Data Loss Prevention (DLP)

PII Data Discovery and De-Identification

Protecting Data at Risk with Data Loss Prevention


Data loss prevention (DLP) activities start with the profiling of data at risk, be it in motion or at rest. Next is the protection of that data with the proper application of security functions and protocols.


Leading DLP solutions offer scanning, filtering, highlighting, and monitoring solutions (to enforce protections) for data at risk. The granular data discovery and de-identification technology in these products:

  • IRI FieldShield for finding and statically masking data in DBs and files
  • IRI CellShield for doning the same in Excel spreadsheets
  • IRI DarkShield for finding and protecting data in unstructured sources
  • IRI Voracity for all of the above, and for managing big and small data in Eclipse™


can work alone or in tandem with other DLP solutions to allow authorized users to profile (classify), protect (mask), and prove (audit) they acted to prevent -- or at least nullify -- the loss of sensitive data.

Profile (Classify)

Discover sensitive data and its metadata through pattern and fuzzy-match searches of multiple sources. Identify, isolate, diagram and report on data at risk in databases, flat files, or Excel. Your own data governance efforts and application modeling tools like Global IDs and Micro Focus APM can also help.

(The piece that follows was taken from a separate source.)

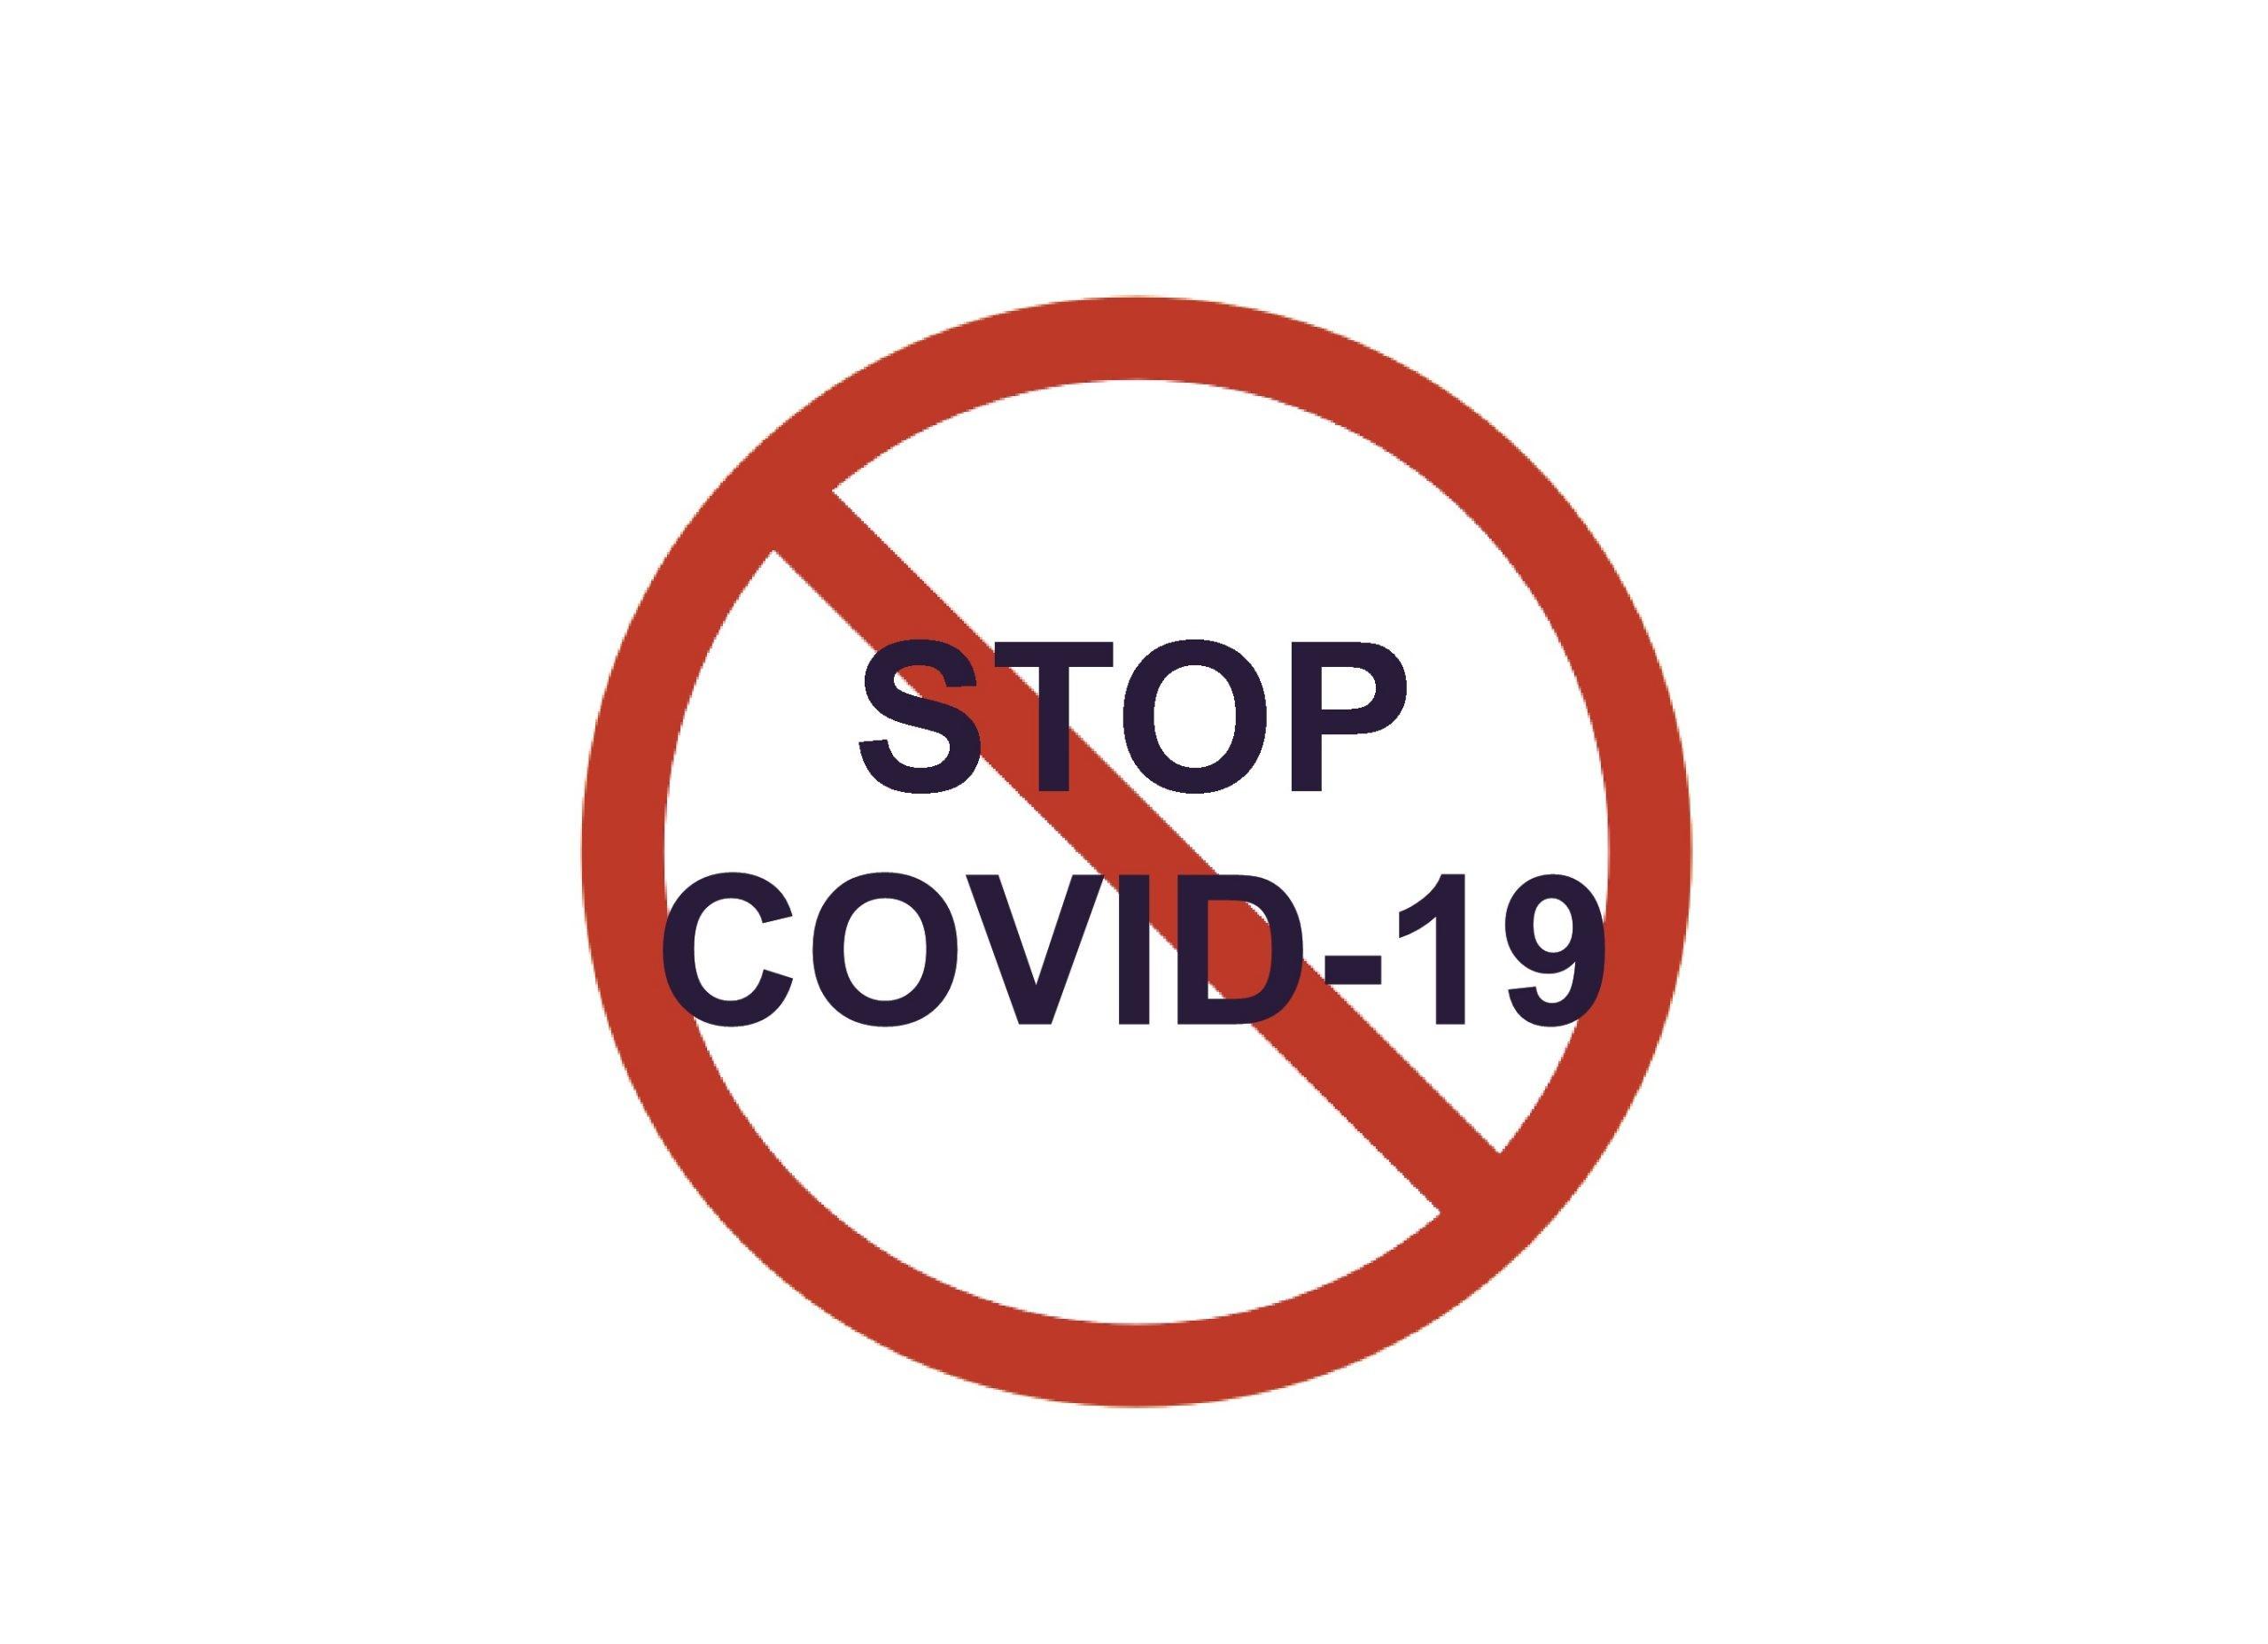 Мы не снижаем темпов, несмотря на COVID-19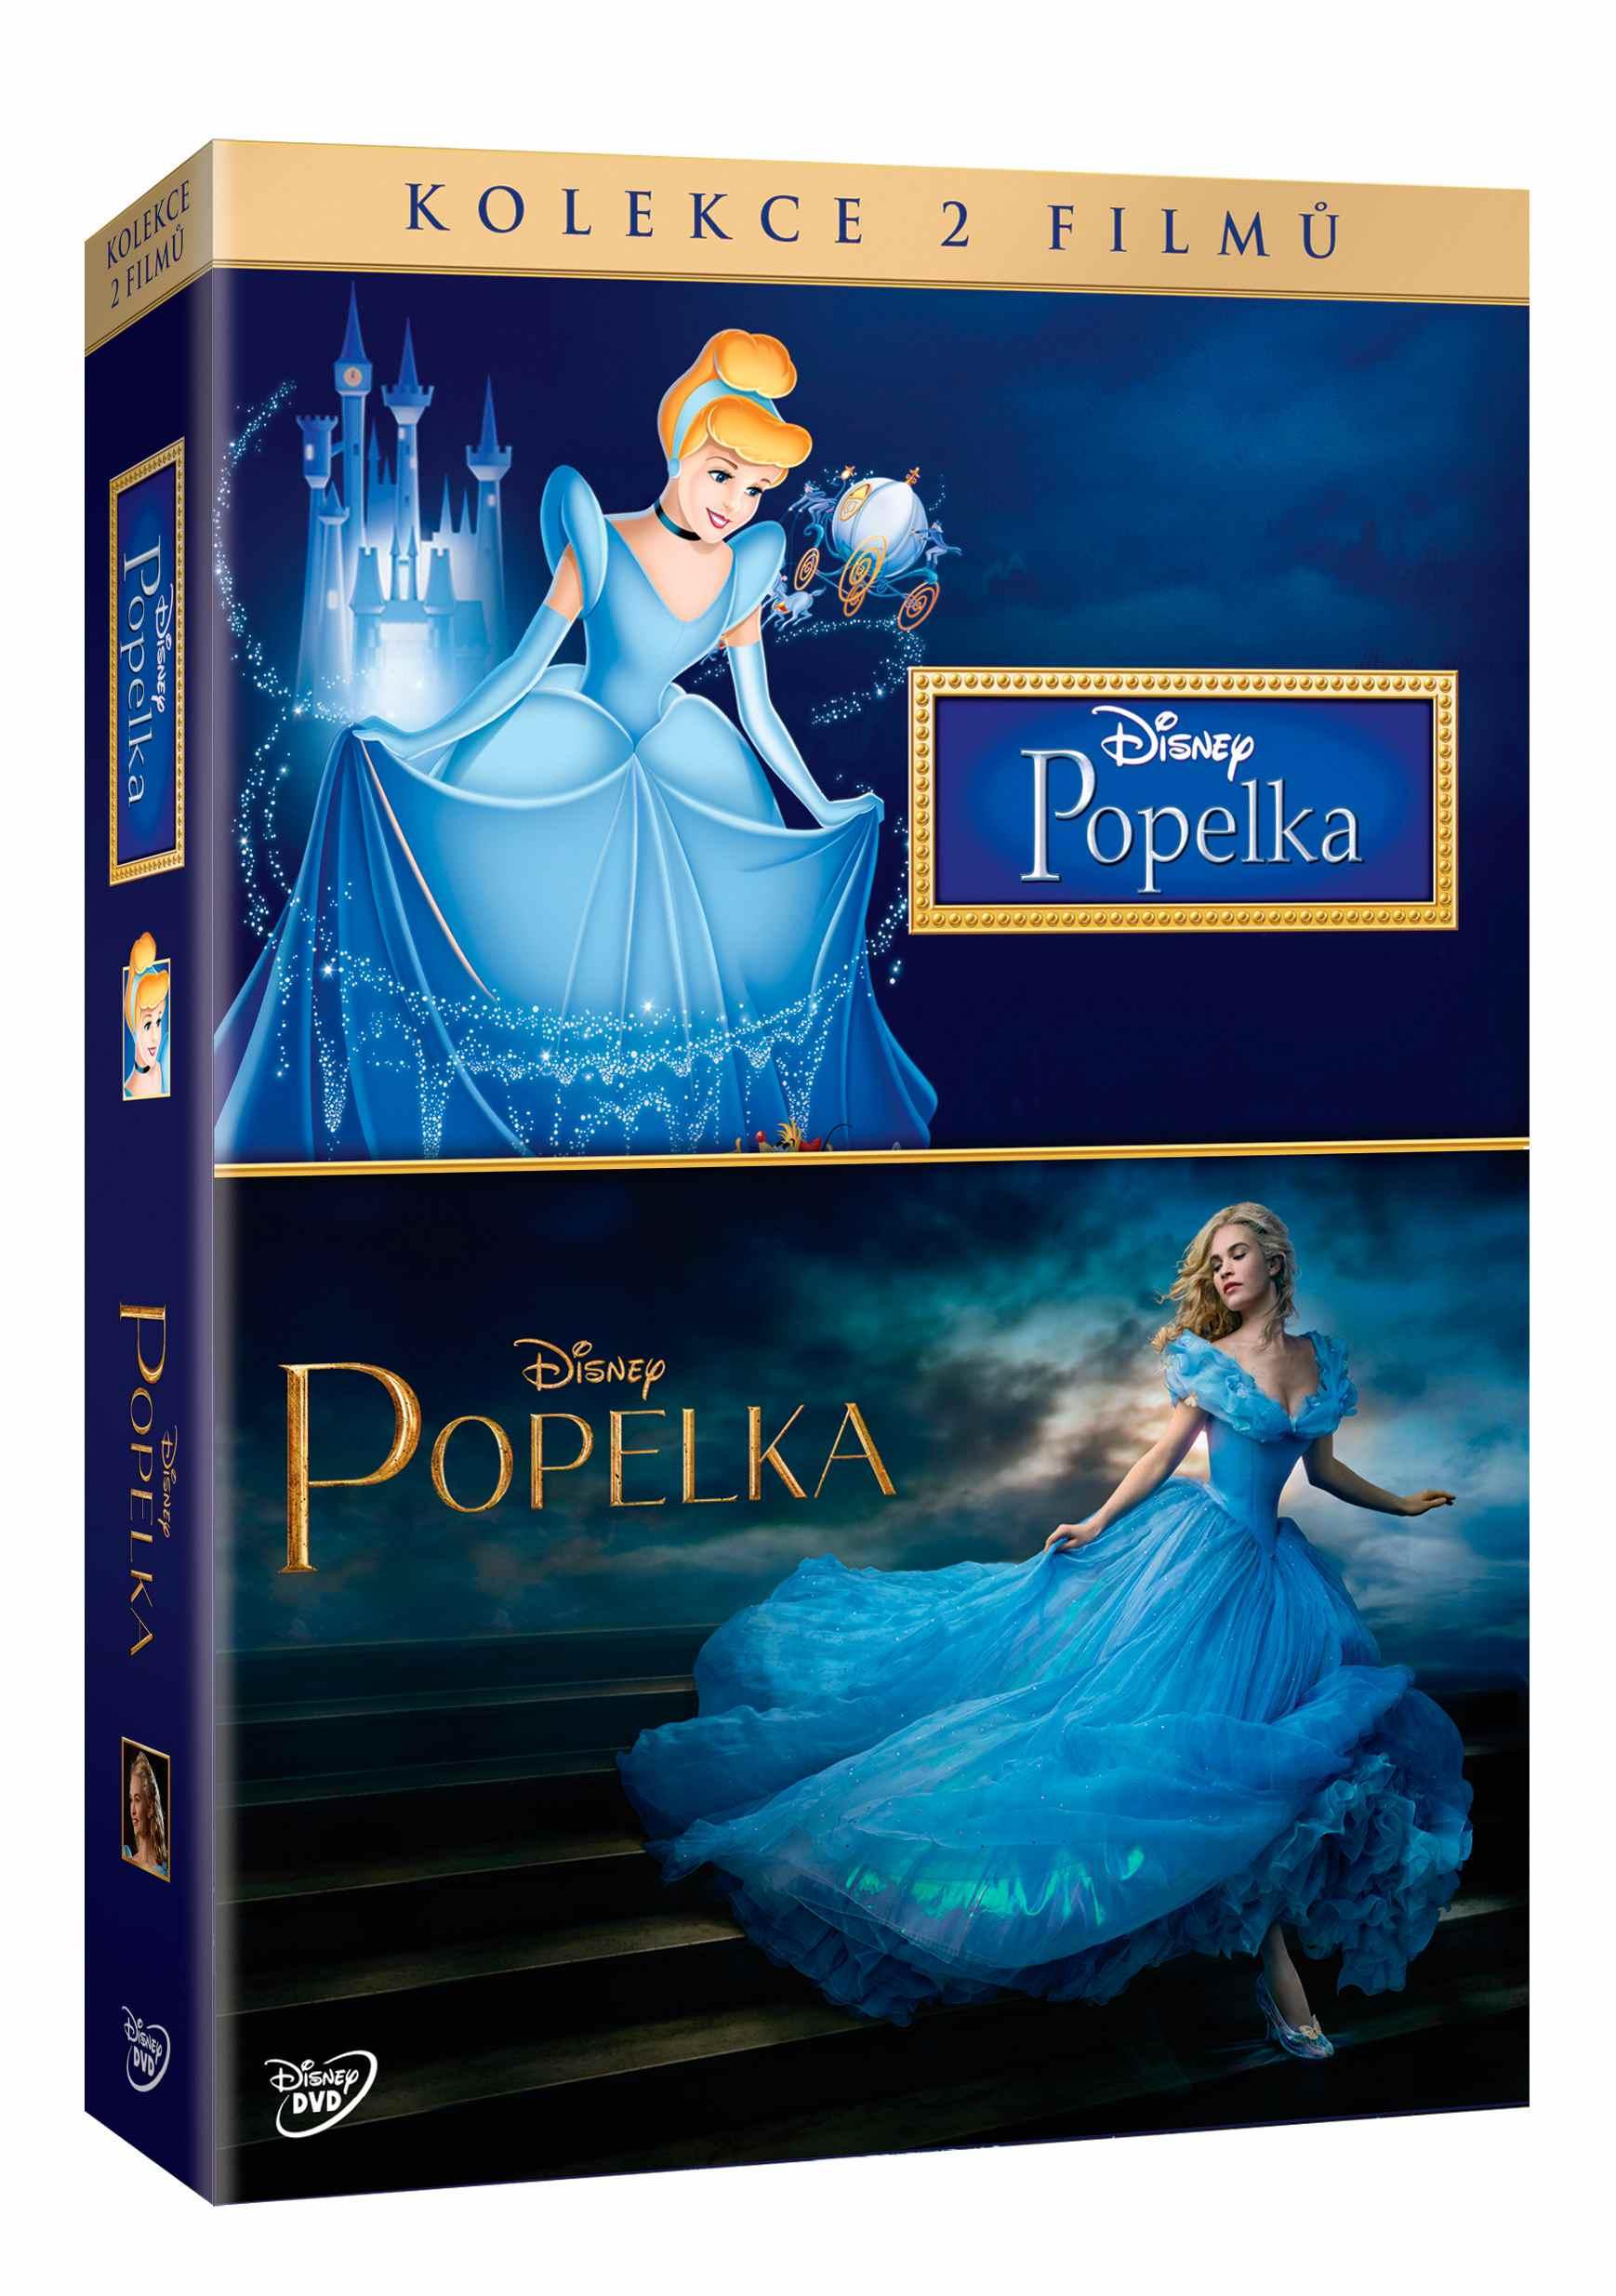 POPELKA (2015) + POPELKA (1950) - KOLEKCE - 2 DVD

Once data are in flat files or databases, IRI FieldShield can protect it from misuse. Built-in data format (composite) templates and range evaluation (selection) capabilities provide for content-aware identification and validation of columnar values.

Protect (Mask)

Choose and apply built-in or custom data masking functions for sensitive fields. Choose which function to apply based on your need for:

  • Security - how strong the encryption or other algorithm needs to be
  • Speed - which functions conceal data (and/or reveal) faster
  • Reversibility - whether you need to re-identify the data later
  • Appearance - if the ciphertext needs to retain the original format

Apply these functions ad hoc, or en masse using rules. For example, use pattern-matching expressions to automatically apply a format-preserving encryption key to certain tables, while using another key on others.

Direct the output to the same source or new target. Assert both data- and role-based access controls that persist, wherever the data may later exist. This goes well beyond what other encryption-only or DLP-centric solution providers offer.

Prove (Audit)

 Verify that you protected or de-identified the data at risk with statistical output and an audit trail. Job stats show column names, number of rows input/protected/output, and more.
The job specification script itself is self-documenting and easy to review in a text editor or in the GUI. It is also automatically integrated into a query-ready XML audit file. That log file also contains system information; e.g. who ran the job, where, and when.
Together with the sources and targets they identify, these records help validate the work you did to comply with data privacy laws.